Das Argument mit der Zeitersparnis stimmt nur für seltene, große Aktionen wie z.B. Gabelservice. Wegen jeder Kleinigkeit zum Händler gurken kostet nur Zeit. Viele Probleme lassen sich im Handumdrehen lösen, deswegen gehört ein bißchen Schrauberei zum Biken schon mit dazu.



marius_ schrieb:


> [...] Warum Versender-Käufer so abgewiesen werden erschließt sich mir nicht. Man hat ja schließlich auch keine Beratung oder Gratis-(Erst-)Services o.ä. in Anspruch genommen.
> [...]



Lies noch mal Beitrag #28 . Es gibt bestimmt so Einige, die beim Händler probefahren um bei Canyon zu bestellen.


----------



## marius_ (14. Mai 2013)

RetroRider schrieb:


> Lies noch mal Beitrag #28 . Es gibt bestimmt so Einige, die beim Händler probefahren um bei Canyon zu bestellen.

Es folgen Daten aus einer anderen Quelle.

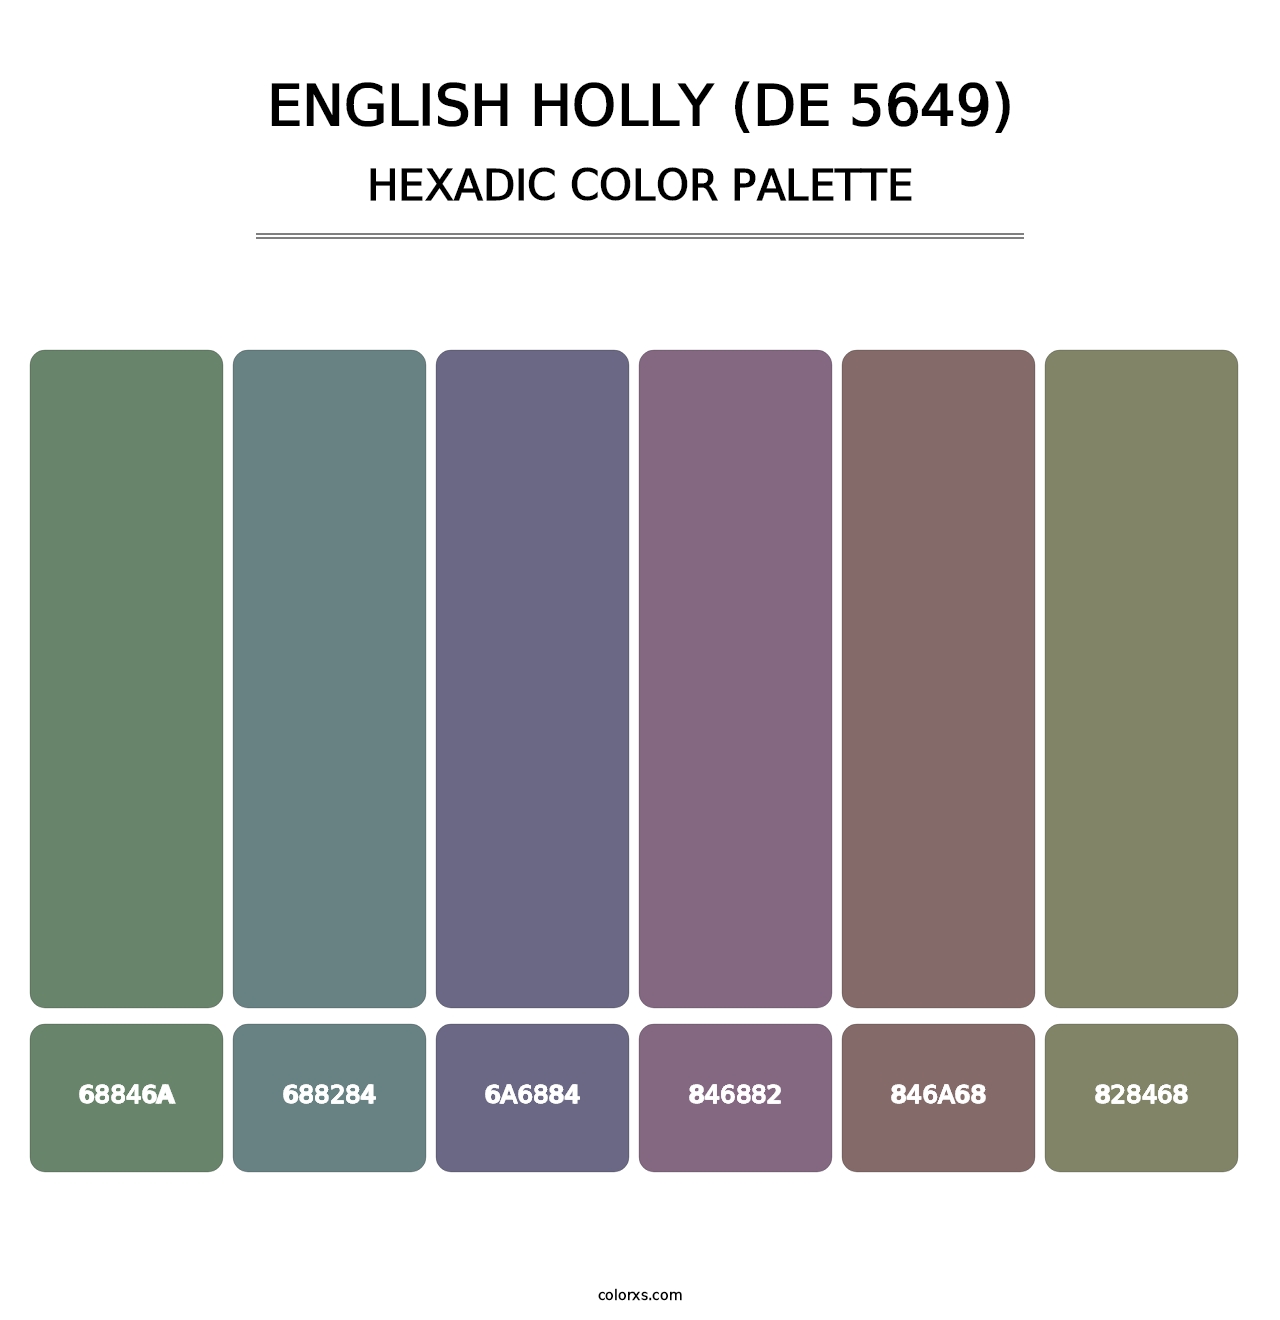 English Holly (DE 5649) - Hexadic Color Palette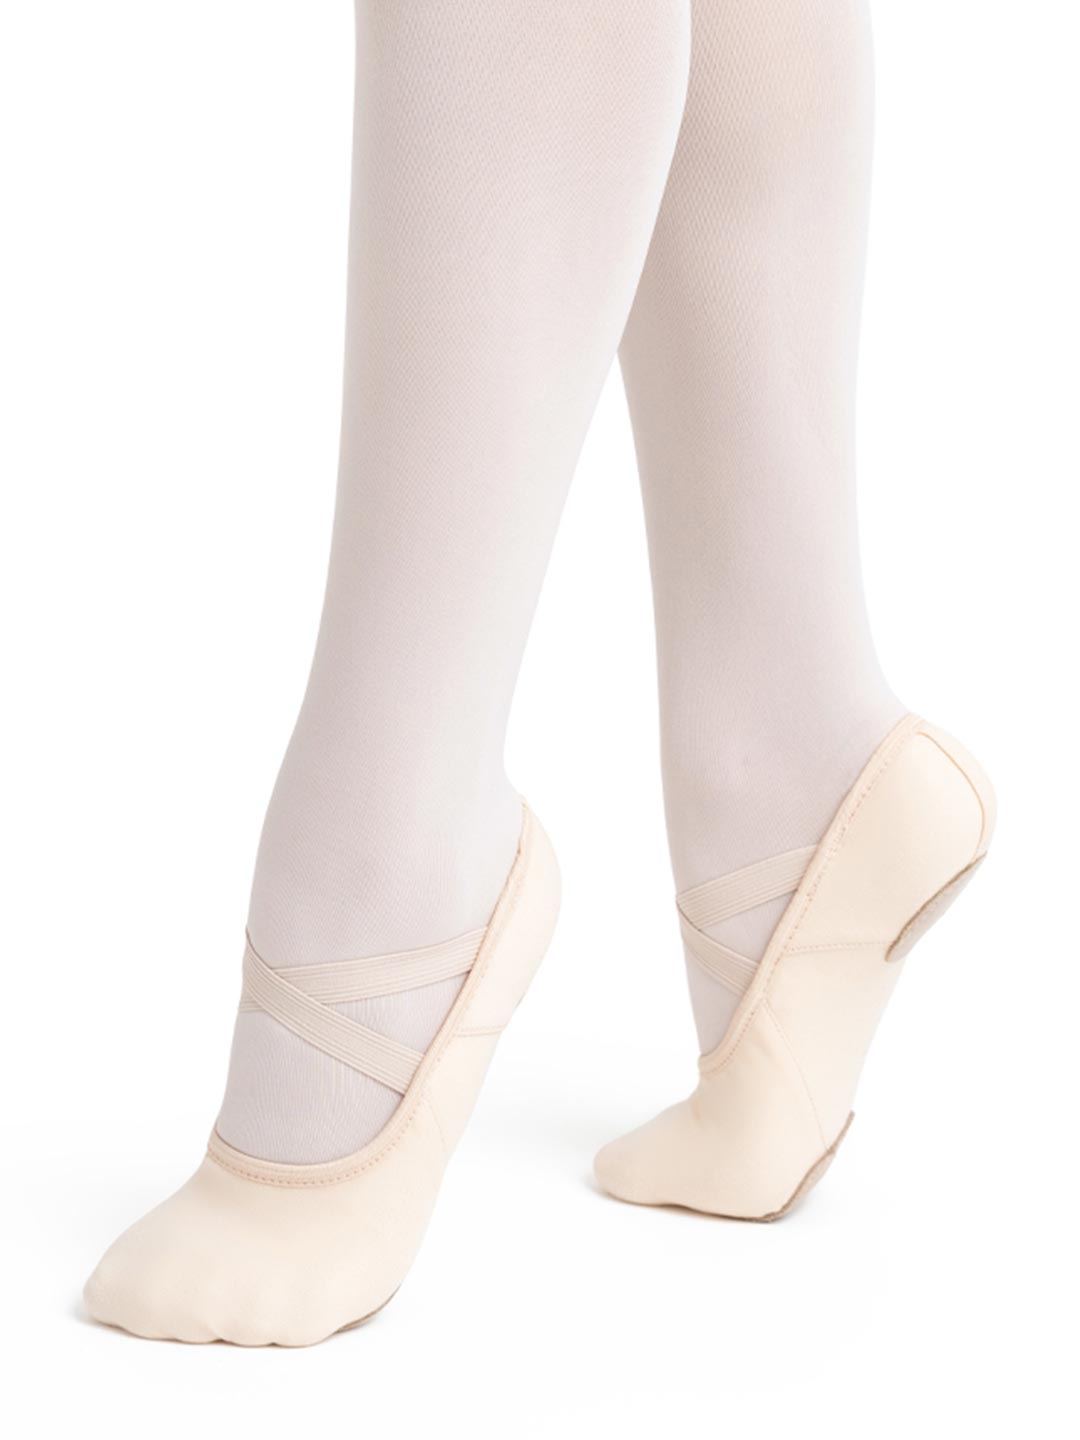 Hanami Canvas Ballet Slipper Adult - Pink and Skin-tones (Capezio 2037)

Wenn ich probefahren will, fahre ich doch nicht irgendein Rad Probe und bestelle dann von zuhause ein anderes? Außerdem gings dort ja um den Kauf und nicht um einen bezahlten Service.

Klar, Zubehörberatung/Anprobieren o.ä. nutzen und dann im Internet bestellen ist blöd. Finde, dies ist aber bei Komplettbikes doch was anderes. Denke die wenigsten gehen in einen Markenladen und bestellen sich genau dieses Rad dann im Internet. Da wird in dem Fall dann vernünftigerweise doch direkt bei einer Versandmarke bestellt.

Wenn ein Händler im Verkaufsgespräch nicht überzeugen kann und die Konkurrenz aus dem Internet einfach mehr bietet, dann ist doch doch normaler Wettbewerb? Dass es dann beim Händler keine kostenlose Erst-Wartung oder Rabatte/Zubehör dazu gibt für ein Rad vom Versandhändler, das ist doch klar. Hat aber alles mit bezahltem Service wenig zu tun.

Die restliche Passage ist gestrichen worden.